------ RAW DATA ------

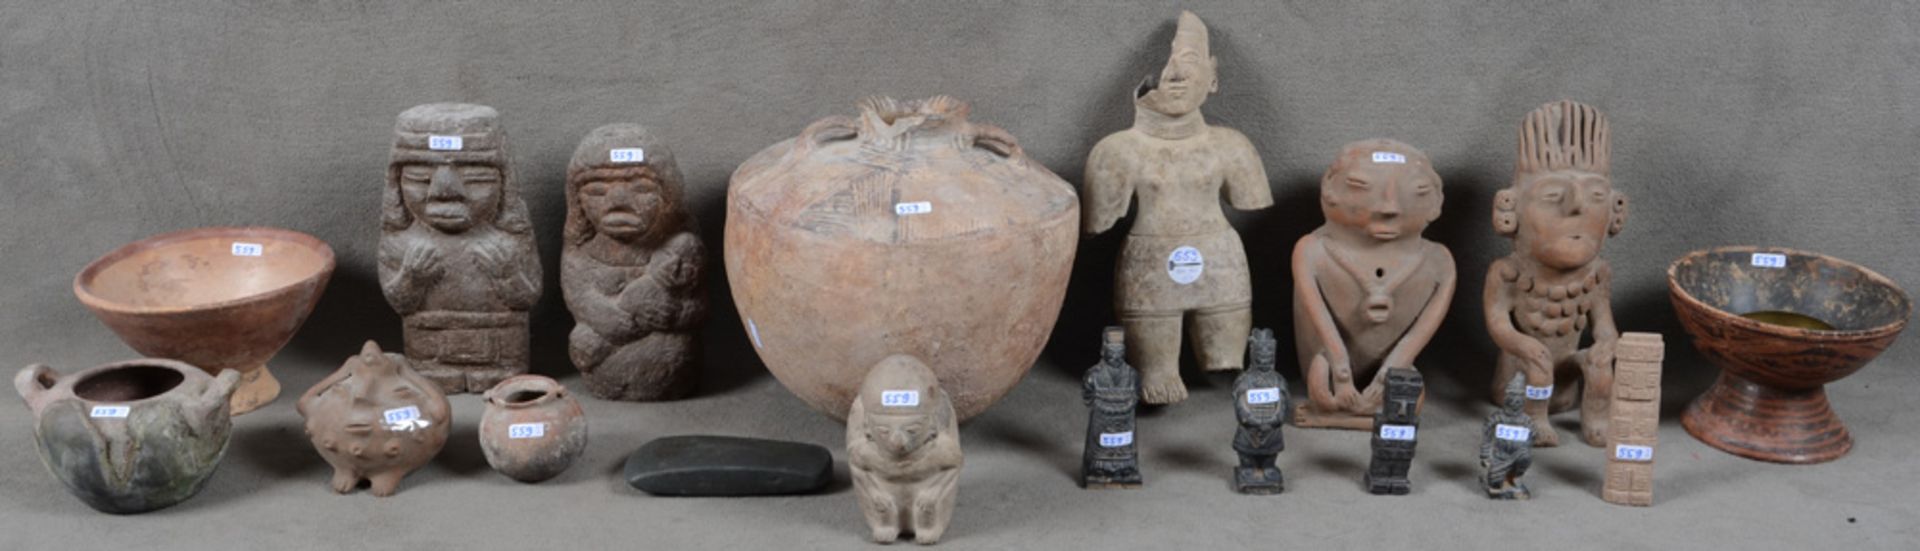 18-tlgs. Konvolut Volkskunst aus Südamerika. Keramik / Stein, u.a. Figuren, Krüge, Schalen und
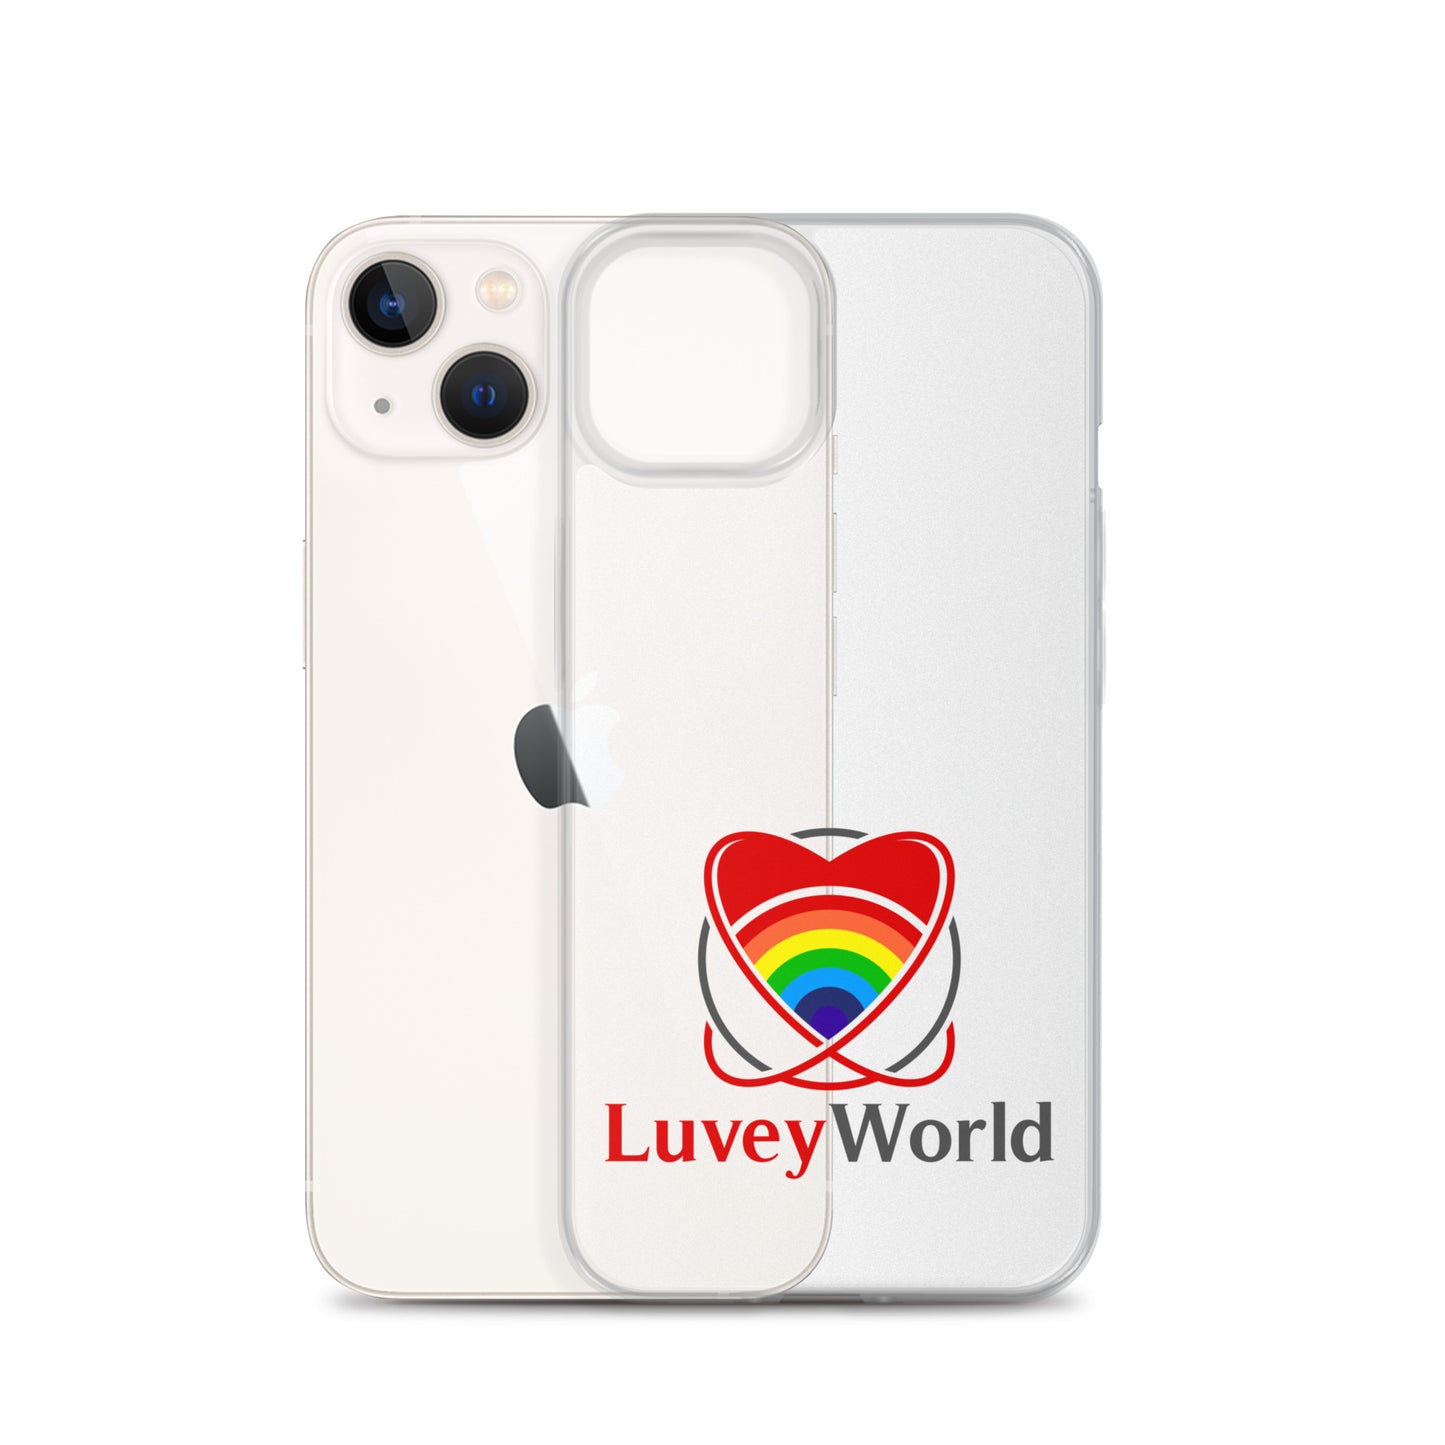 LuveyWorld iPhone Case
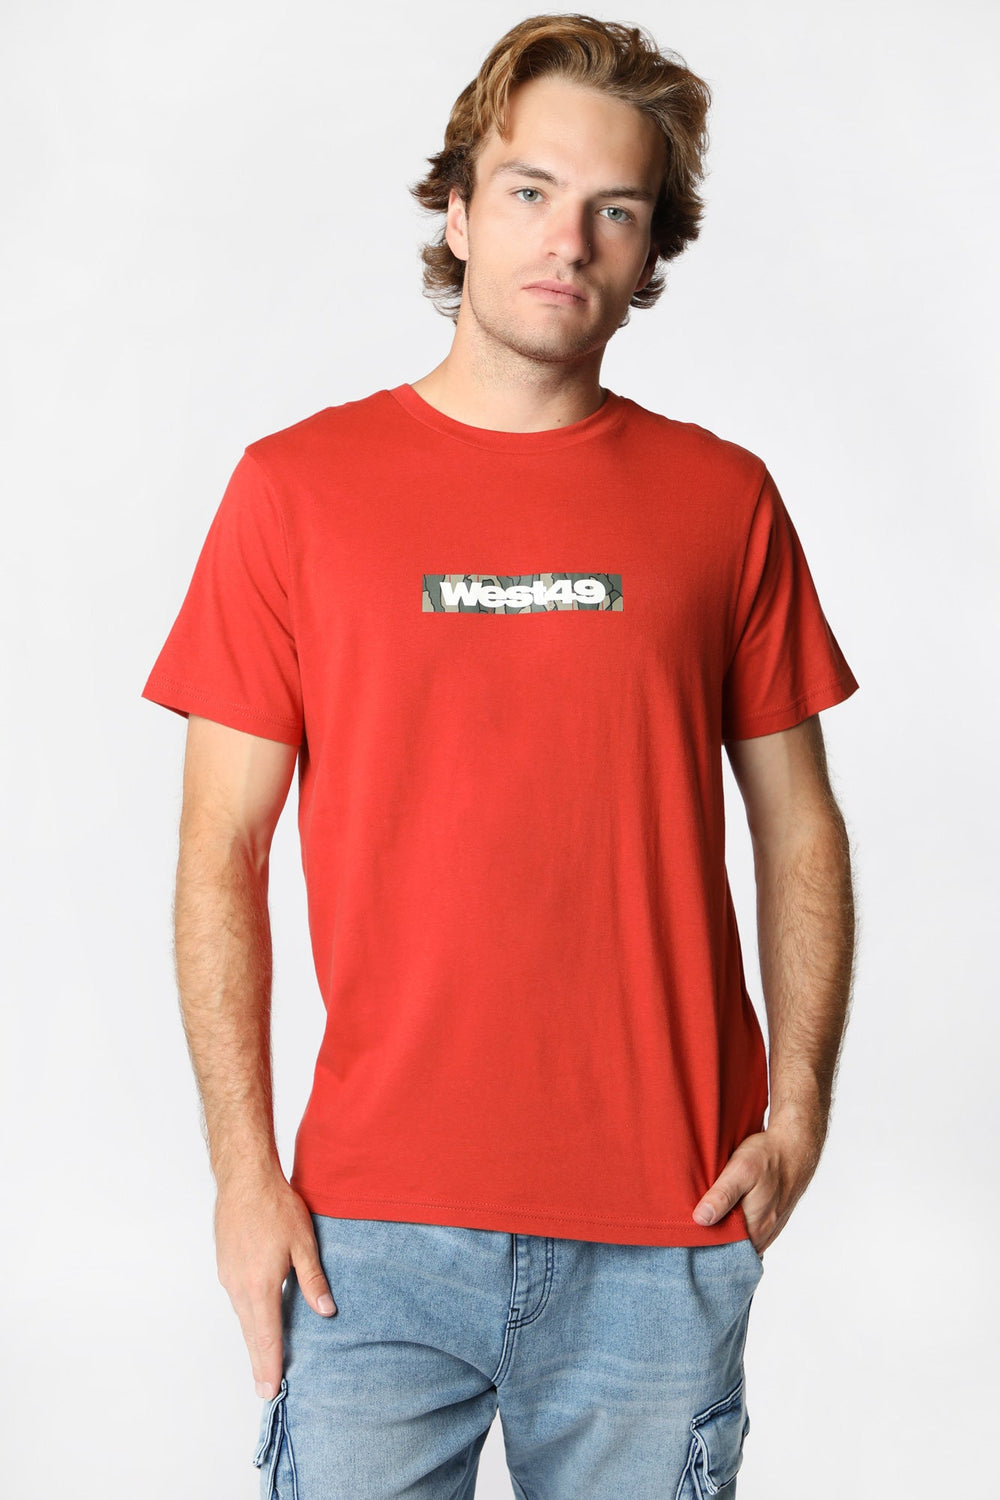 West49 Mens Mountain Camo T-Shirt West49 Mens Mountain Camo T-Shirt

------

- INSTRUCTIONS FOR THE TASK
Retype the full listing exactly; pictures stay out.

- ANSWER SPACE
 18-tlgs. Konvolut Volkskunst aus Südamerika. Keramik / Stein, u.a. Figuren, Krüge, Schalen und
 LuveyWorld iPhone Case
 West49 Mens Mountain Camo T-Shirt West49 Mens Mountain Camo T-Shirt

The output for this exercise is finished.